# Joyeux Postiversaire à RuK!



## Kelly B

Congratulations and thanks for 1000 fine posts.


----------



## rsweet

"Gawd loveaduck!"—RuK
 Glad you're around to help us get it right!   

Congratulations!​
CELEBRATE!!!​


----------



## anangelaway

RuK, félicitations !!! Un plaisir de t'avoir parmi nous ! Merci pour toute ton aide !  

_BRAVO ! _​


----------



## Nunty

Wonderful, RuK. Thank you for 1000 great posts.


----------



## texasweed

YEEHAAW! You rule Ruk 
{{{hugs}}}


----------



## carolineR

You're a big RUK of strenghth, Ruk 
 C


----------



## RuK

Wow! Thanks a lot!
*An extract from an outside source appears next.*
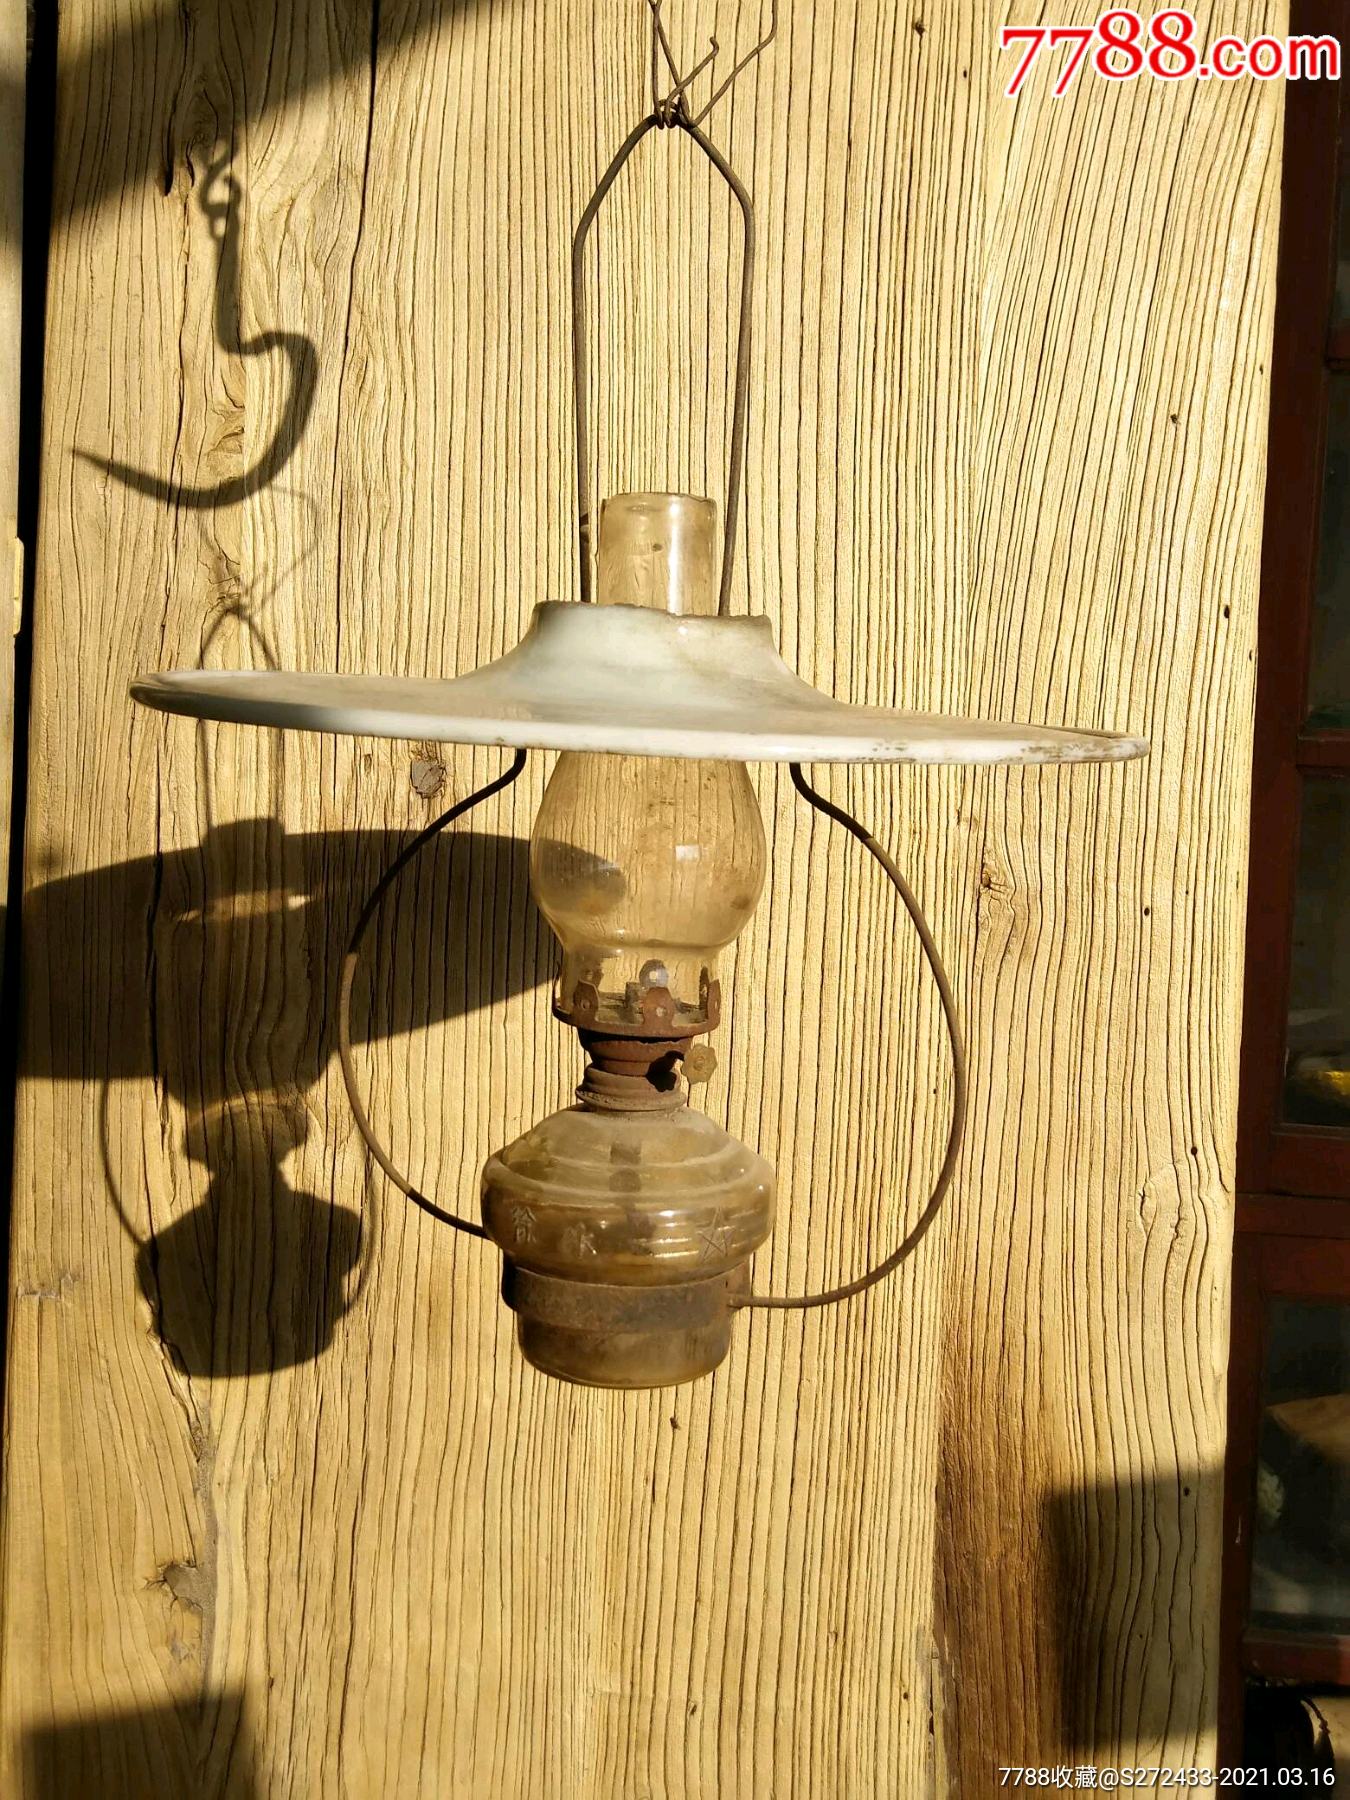 下乡收得解放后六十年代河北徐水生产的玻璃灯一个灯罩齐全难得保存

This forum is such fun - like a huge, real-life word game - and I get to make friends, too!


----------



## geve

Donnez-moi un R... donnez-moi un U... donnez-moi un K... *bravo** RuK !*


----------



## KaRiNe_Fr

Pour ta disponibilité et tes explications toujours pertinentes même en PM : merci (*) ! 

(*) replay with speed control to fast!


----------



## zaby

Félicitations et Merci Ruk !
 ...... ​


----------